By Jennifer Paddock
Q1: Could you advise me where in the Sectional Titles Act or who could assist me regarding L.S.F. (Levy Stablisation Fund)? My Mom’s retirement village wish to go this route and I am not happy regarding this matter as 60% were not purchased this way and the cost implications are not very ‘friendly’ towards pensioners?
It is surprising that in your Mom’s scheme some units were sold subject to such a condition and some were not. The condition is onerous and I cannot see anyone agreeing to leave some of their equity behind if they never agreed to this condition in the first place.
I suggest that you first get your Mom to make enquiries. Which owners are bound to this arrangement; which are not? Was there a price difference that accounted for this distinction? And if your Mom is not currently obliged to make such a payment, on what basis are people suggesting she should subject herself (and you) to this burden?
Q2: From 2003 most insurance companies are not covering geyers in sectional title stating that the Act states the owners are responsible for the hot water pipes of a unit. Could you please clarify this matter and the ruling thereof for a body corporate and should this be placed/ re registered for the Conduct Rules? Where in the Act does this specific regarding geysers please?
A2: The issue of geysers is simple. They can be an exception to the principle that the body corporate must fund and carry out maintenance to common property which is not subject to exclusive use rights.
Each scheme needs to assess its own position in regard to geysers on the basis of their location and function in that scheme. But my guess is that it may be most efficient for owners to arrange for cover via the body corporate and then individually bear the portion of the premiums and any excess payments relevant to the geysers that serve their sections.
Onset of levy payments
Q3: Is there an agreed event that determines the onset of levy payments? We have a newly built unit that remains unoccupied. Is it on occupation or handover from the builder?

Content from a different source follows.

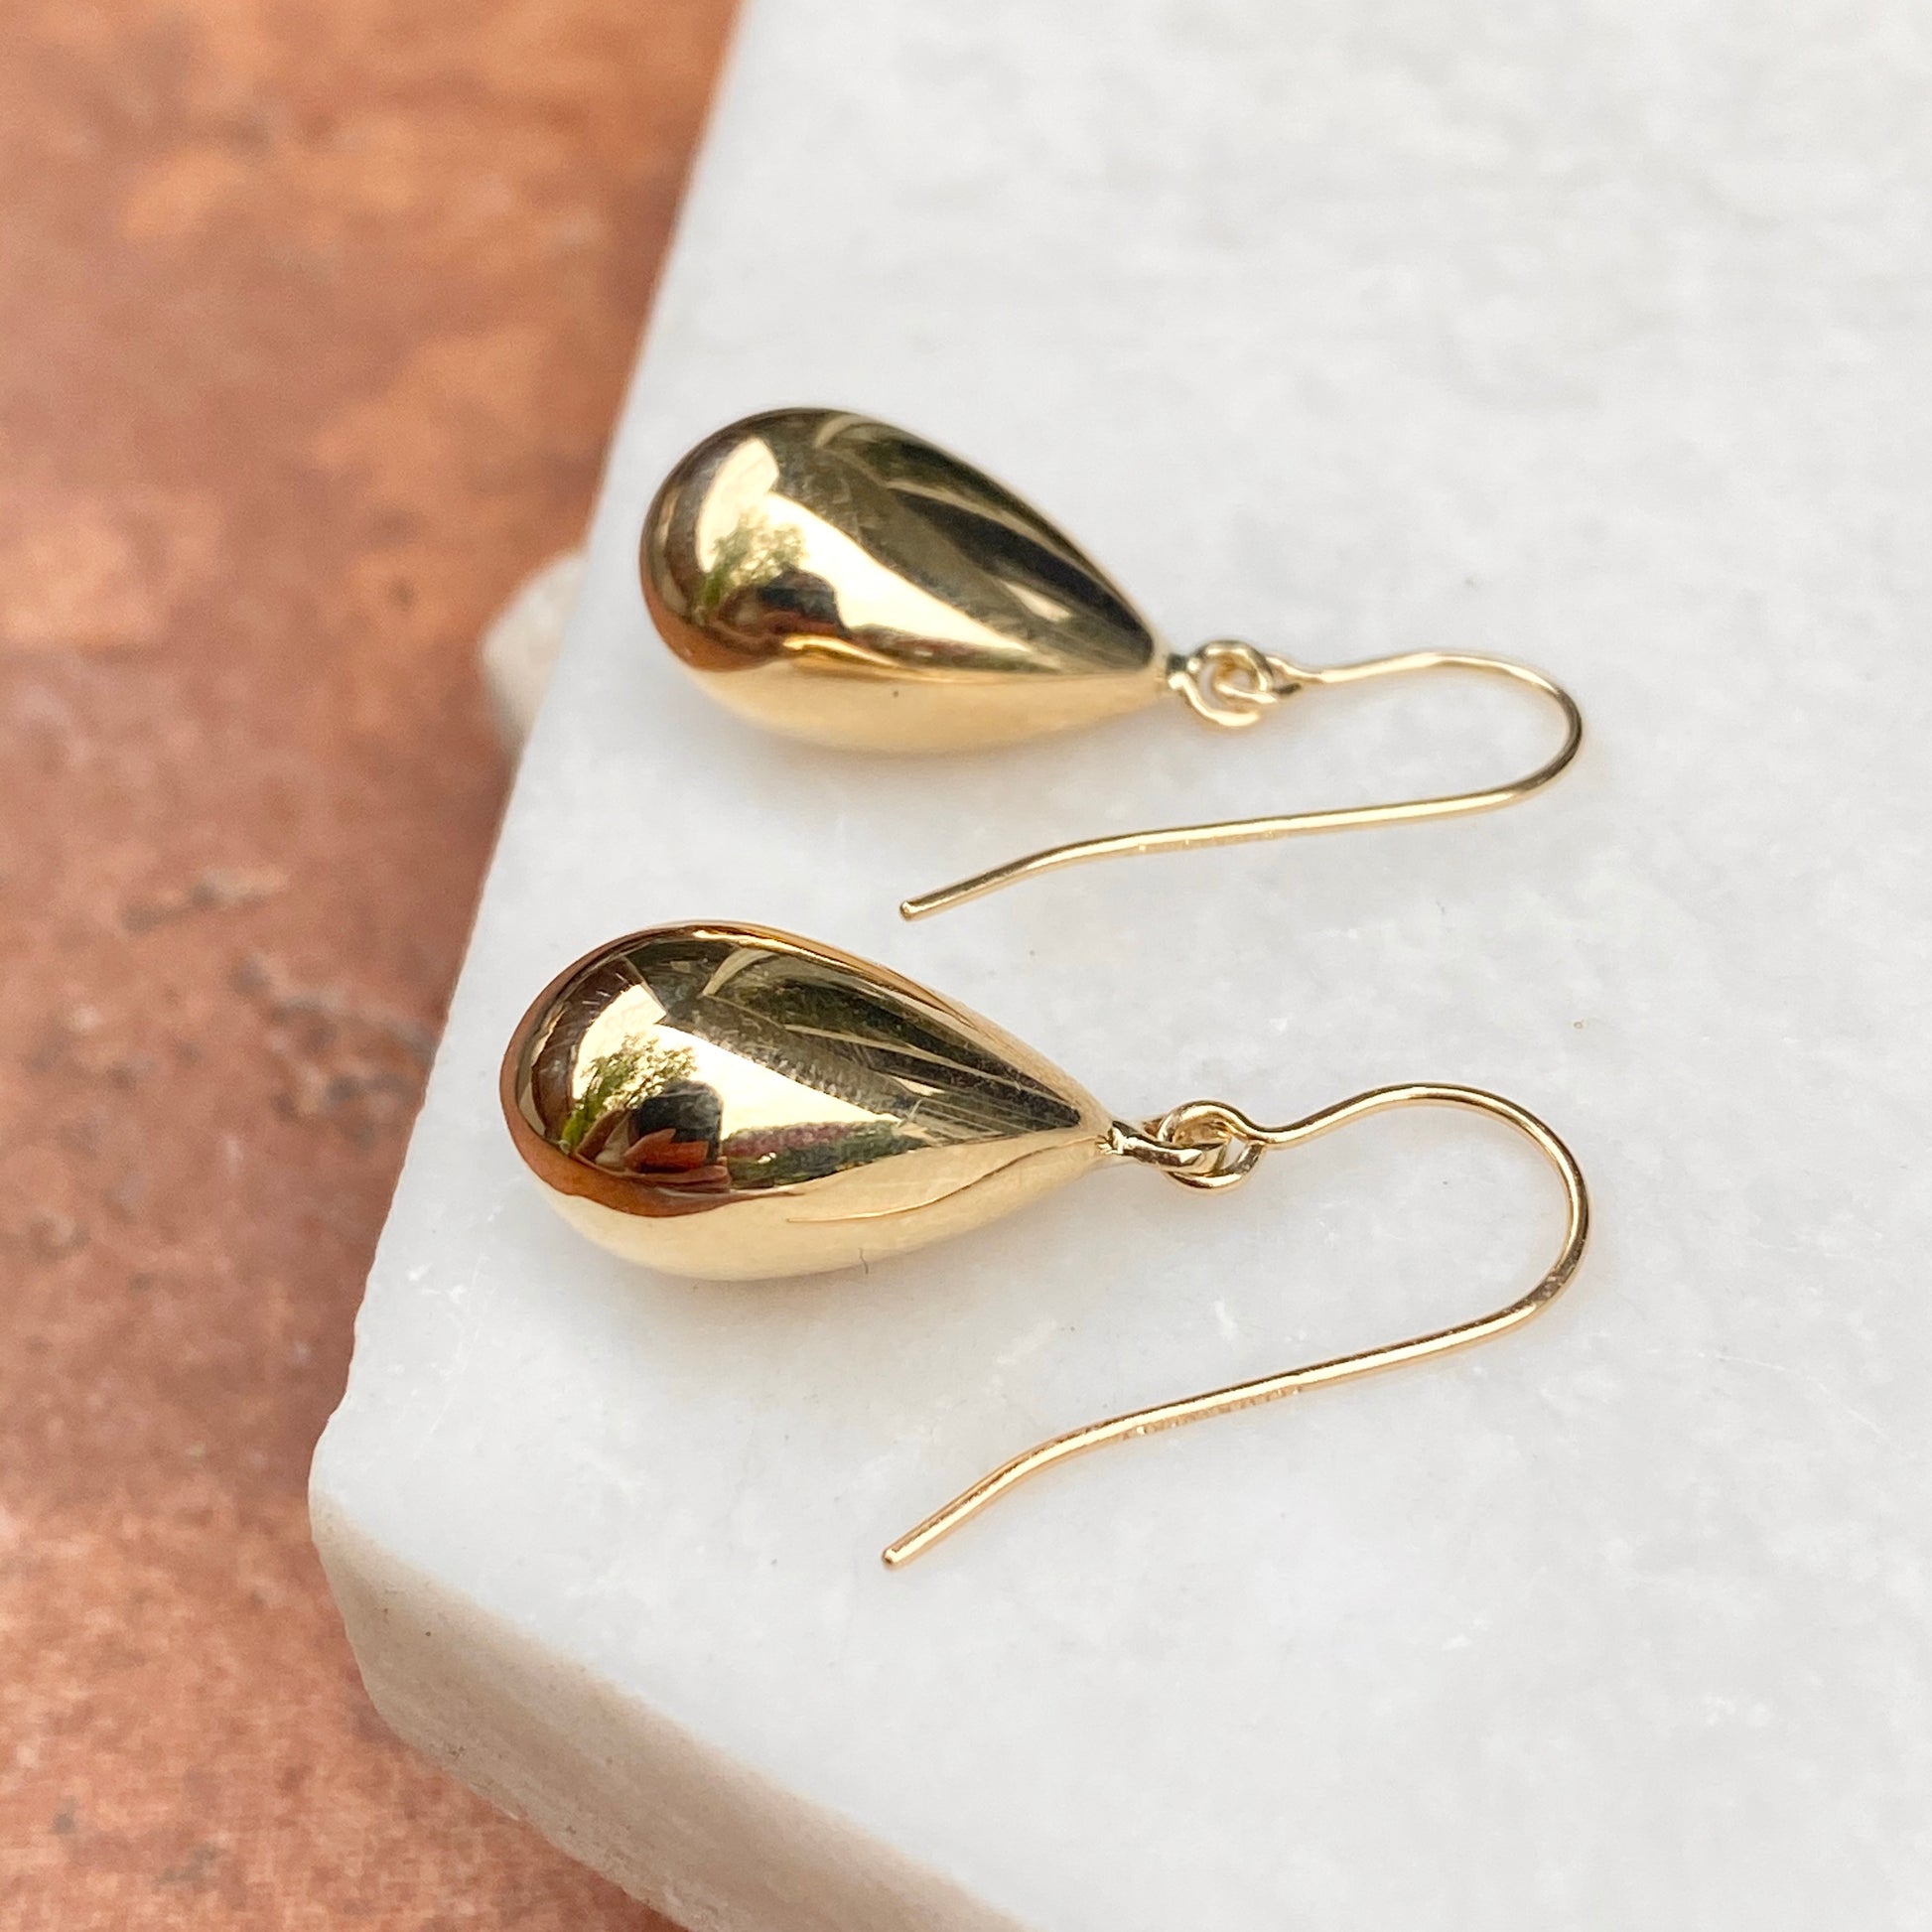 14KT Yellow Gold Polished 3D Teardrop Ear Wire Dangle Earrings, 14KT Yellow Gold Polished 3D Teardrop Ear Wire Dangle Earrings - Legacy Saint Jewelry

A3: Yes, the event that creates liability for levies (technically, contributions to the scheme’s administrative fund in terms of section 37(1) of the Act) is the creation of the body corporate, which occurs when the first unit in the scheme is transferred from the developer to another party, irrespective of when the units are first occupied.
From the time the body corporate comes into being it must charge levies in respect of all units in the scheme to cover the scheme’s ‘common expenses’, this being its most important function.
When an exising scheme is extended in terms of section 25 of the Act by the addition of further units, the owner of these units becomes liable for levies from the time they legally come into being, i.e. when the sectional plan of extension is registered and the PQ schedule adjusted.
Occupation and handover of a newly built unit from the builder/developer to a purchaser will affect their rights against one another in terms of their sale/building contract, but it does not create or affect the liability of the owner of the unit to pay levies to the body corporate. A building contract may provide for ‘occupational interest’ due by the purchaser/occupier to the owner/developer but this is a separate contractual issue.
Because the contracts sometimes talk of the purchaser paying ‘levies’ before taking transfer, the issue is easily confused. But what is in fact happening is that the purchaser is paying the seller an amount in terms of the contract to compensate the seller/owner for his liability to pay levies to the body corporate. Only the owner of the unit can be liable for levies.